Your income is all the money coming in. For most of us, the great majority of that is going to be the money you earn through work. Your income has to go somewhere – it comes in, you gotta do something with it – and it can either be spent or it can be saved. That’s it. Your income either leaves you forever, which is spending, or you keep it in the form of saving and/or investing, which I’m going to treat as the same thing for our purposes today.

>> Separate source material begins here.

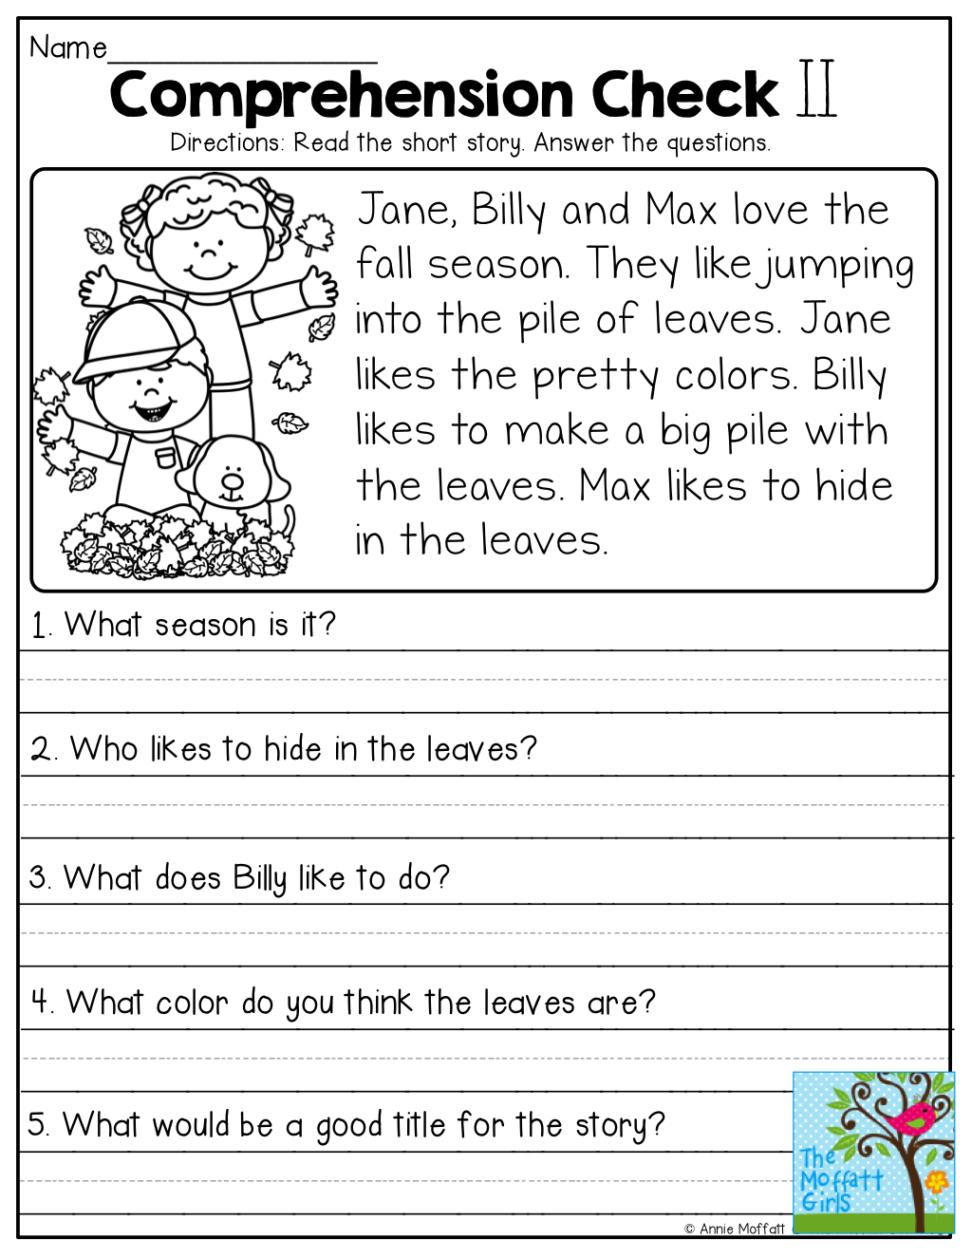 Worksheet. Free Printable Reading Comprehension Worksheets - Free | Printable Reading Worksheets

Now, the reason it’s important to manage cash flow is that it’s fundamental to literally every other financial decision you will make. Like, you can’t have a conversation about taxes without knowing your income. You can’t talk about debt or loans without understanding both income and spending. And you can’t talk about investing until you’ve saved enough money in cash to manage your short-term needs over the next 3 or 6 or 12 months. So you have to get cash flow right before you can start to get ahead in the rest of your financial life.
We can make a really basic equation that represents cash flow, which is income = spending + saving. That makes sense, right? You have all the money you earn and it either gets spent or it gets saved. And the math of that equation is really simple:
income = spending + saving
It’s basic arithmetic, which means that we can rearrange the equation using basic arithmetic. So we can also say that
saving = income - spending
or
spending = income - saving
The math works out the same.
For a lot of people, tackling cash flow starts by making a budget. That approach drills down on the spending side of the equation to hopefully spot areas where you’re spending more than you want and finding ways to save. And budgeting works for lots and lots of people. If you’re one of those people, my hat is off to you.

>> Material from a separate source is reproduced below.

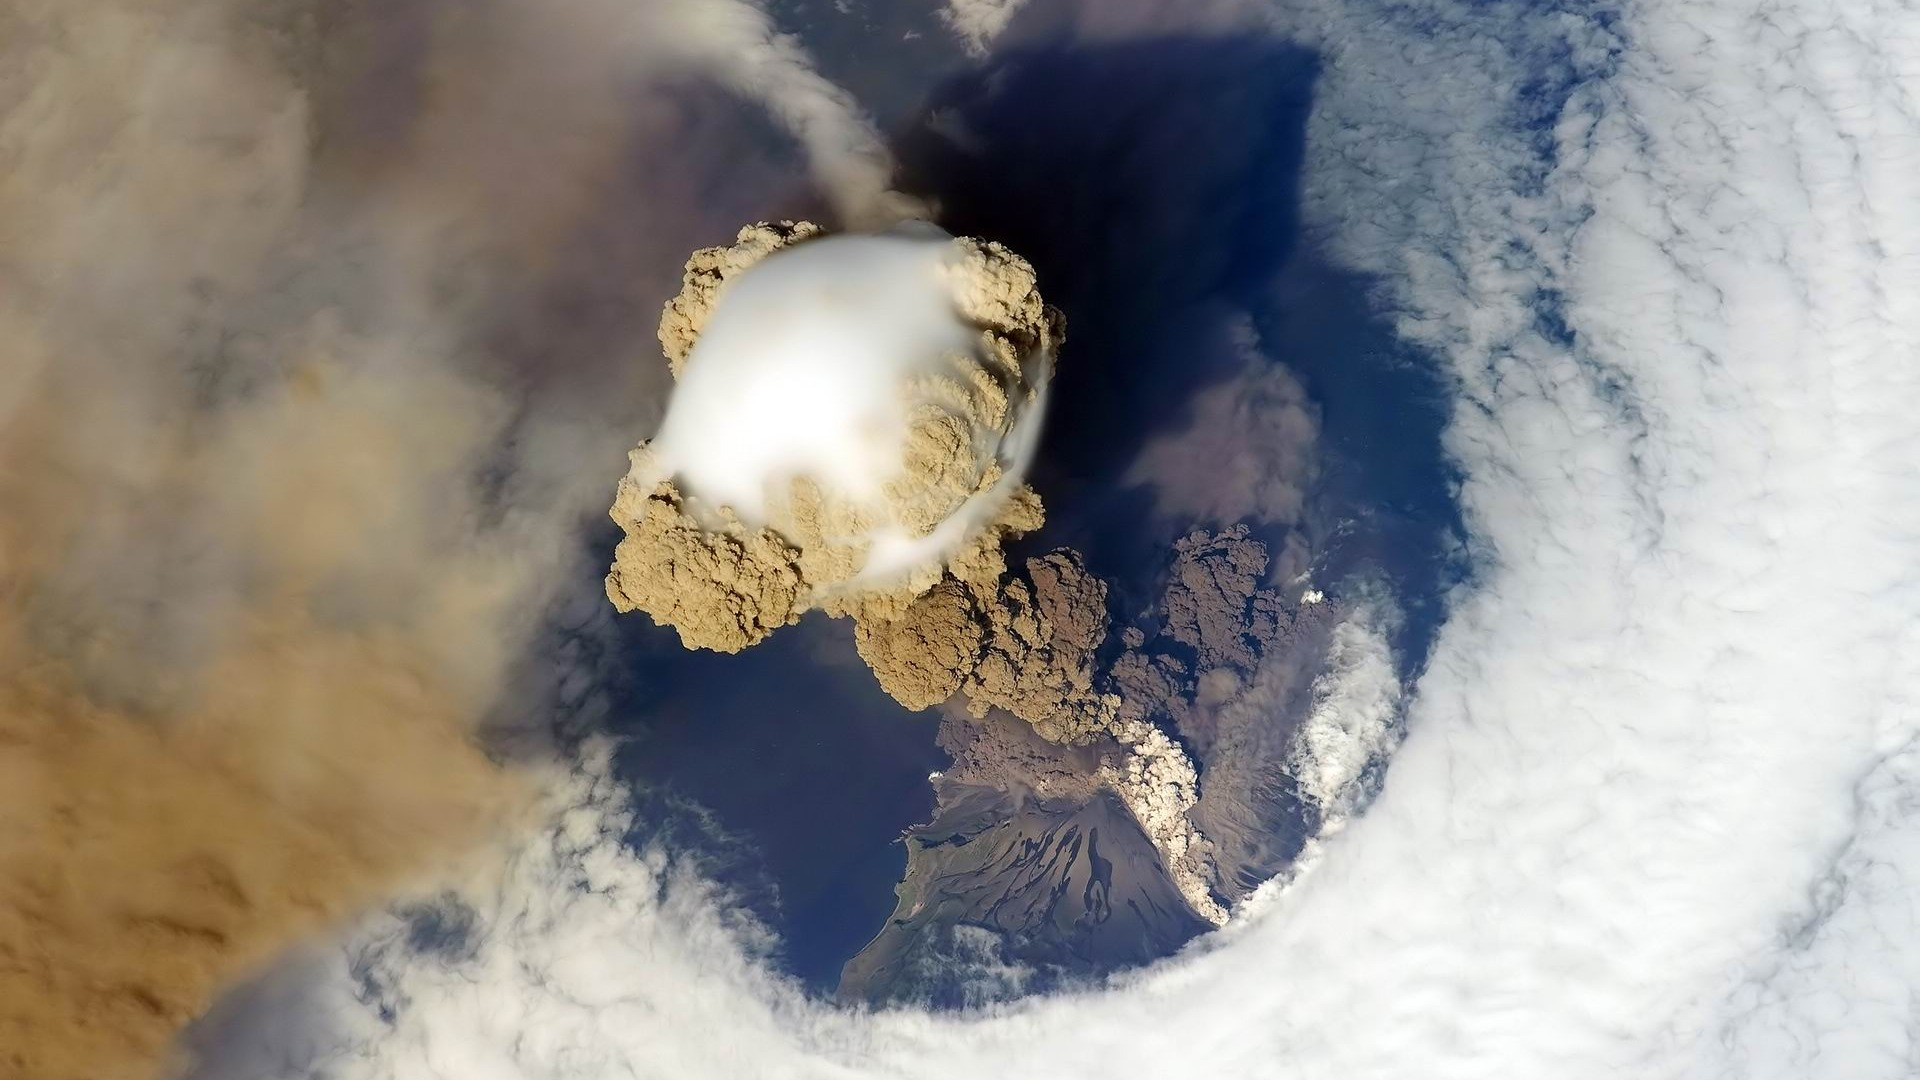 Volcanic_eruption-2012_landscape_Featured_Wallpaper_1920x1080.jpg

I personally find it extremely useful to understand how much you spend on average each month. And at least once a year I do the kind of detailed breakdown that’s involved in a budget.
But – I’ll be honest – I treat that just as a vibe check and not a tool to manage spending. In fact, I actually kind of hate budgeting in the proscriptive sense of “spend this much on this thing and that much on that thing”. I don’t like the judgey aspect of it and, if I’m being honest, I’ve not found it to be a big motivator in how I actually spend. Like, if my gas tank is empty, I’m going to fill it even if I’ve met my budget limit for that category that month. And I don’t want to feel bad about that, right? If your plan starts to make you feel bad, you’re more likely to give up.
For me, budgeting feels like a lot of work that ultimately isn’t where I want to put my energy. So let’s look at some other easy approaches that don’t require such a heavy lift, don’t have a “right or wrong” component to them, and are much simpler to manage.
This is a good point to introduce the Pareto Principle, also called the 80/20 rule. It’s named after Italian economist Vilfredo Pareto who allegedly noticed that a smallish number of pea plants in his garden produced most of the harvest. The 80/20 rule proposes that around 20% of the inputs account for 80% of the outputs. So in Pareto’s case, about 20% of the pea plants produce 80% of the peas. But it could also mean that 20% of your customers or clients or gigs account for 80% of your revenue, which is super common. Or even 20% of the players on a basketball team account for 80% of the points. You get the idea.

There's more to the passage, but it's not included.